Realmente, Elena vio el miedo reflejado en los ojos del hombre. Estaba indefenso ante aquella situación novedosa para él. “No lo entiendo. Si realmente me sigue queriendo, si desea algo, ¿por qué no da el último paso?”, se preguntaba la mujer comenzando a irritarse. Lentamente, muy lentamente, como si emergiera de las profundidades de su consciencia, la luz se fue haciendo en la abotargada mente de Elena. “¡Es un niño!, por más que sea muy sabio, por más que haya dirigido grandes grupos de personas, por más que tenga sesenta y cinco años, ¡es un niño! Está esperando que yo tire de él.”, se dijo la mujer, admitiendo la revelación.

–Creo que deberíamos hablar de esto en un lugar más acogedor –dijo Elena, tras besar tiernamente la encallecida mano que le había estado sujetando el hombro.

Sin esperar respuesta del padre, aferró la mano con la suya y tiró de él hacia su propio coche. Javier observaba, entre divertido y atemorizado, las maniobras de Elena. Realmente deseaba intentarlo. Había hablado con Dios y a Él también le había parecido buena idea. Aguardaría, si todo salía bien, el final de sus días disfrutando del mayor don que su Señor le podía ofrecer: el amor. Había disfrutado de muchísima felicidad durante toda su vida pero ahora cabía trocar aquel afecto al prójimo, a las buenas obras, en un amor hacia quien le había aguardado con tanta paciencia. Sobre todo deseaba estar junto a ella, saber si aquello que había sentido en sus sueños, de forma tan vívida, era cierto.

Elena conducía con la vista fija en la carretera, mordiéndose el labio inferior. Debía calmar el millar de mariposas que revoloteaban en su estómago. Debía mantener la cabeza fría para que nada fallase y Javier se pudiera asustar. Aparcó delante de la entrada a la casa. No quería perder tiempo guardando el coche en el garaje.
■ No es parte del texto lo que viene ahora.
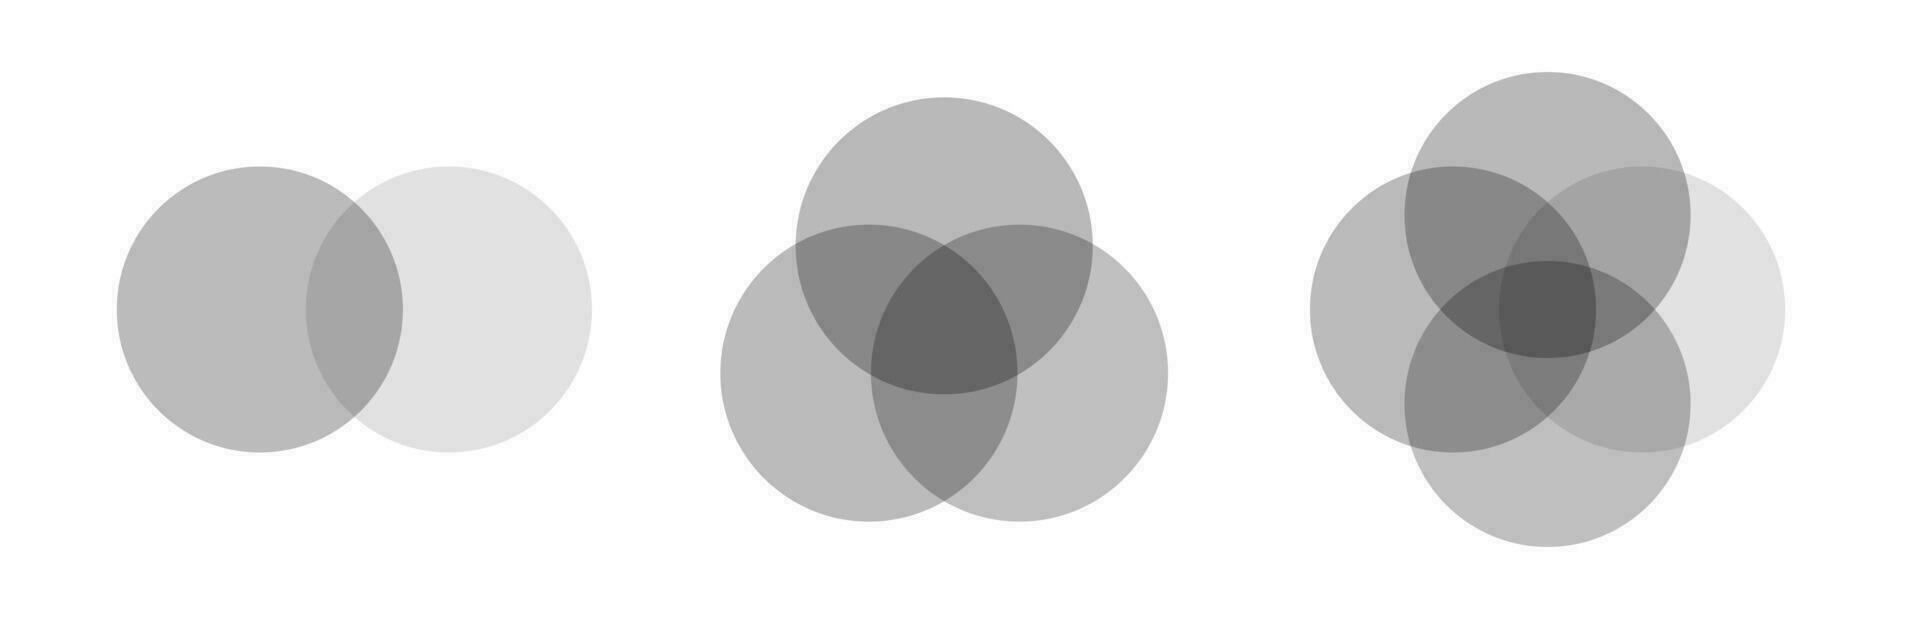 Venn diagram set black style for presentation vector

Cuando ambos se encontraron en el comedor, se miraron sin saber muy bien qué hacer. Elena fue la que dio el primer paso, abriendo los brazos como una oferta amistosa. No tardó en Acercarse el padre Arteaga. Él la apretó contra su pecho, permitiendo que ambos cuerpos se uniesen en un fuerte lazo, que hubiera aguardado muchos años para cerrarse en torno a ellos.

Javier acarició el cabello de ella, imaginando que era una caricia apropiada. Elena, más osada, acarició la afeitada mejilla de él, mientras podía sentir los fuertes  latidos de aquel corazón, por el que había suspirado tanto tiempo. Tras su mano llegaron sus labios que besaron dulcemente la suave piel. La boca delineó la quijada y el barbado mentón.

Él ni siquiera respiraba, anticipando lo que proseguiría tras su barbilla. Los cautelosos labios de Elena ascendieron delicadamente hasta alcanzar la boca. Rodearon esta, cubriendo de rápidos y ligeros besos todo el esponjoso vello que circundaba sus labios. Javier se sentía petrificado, su cuerpo no respondía y su mente estaba abotargada.

La mujer aguardó pacientemente hasta que él, tímidamente, respondió a las caricias. Elena ofreció su propia boca al tiempo que buscaba ansiosa la del hombre. Ambas se encontraron y se degustaron. Los labios se acoplaron como si estuvieran hechos los unos para los otros. La lengua femenina investigó en el interior de la calidez masculina. Javier no tardó en adquirir destreza en aquel húmedo juego. Al poco tiempo, se desenvolvía como si hubiera estado toda la vida dentro de la boca de Elena. Parecía que hubiera esperado una eternidad para poner en práctica aquellos conocimientos innatos.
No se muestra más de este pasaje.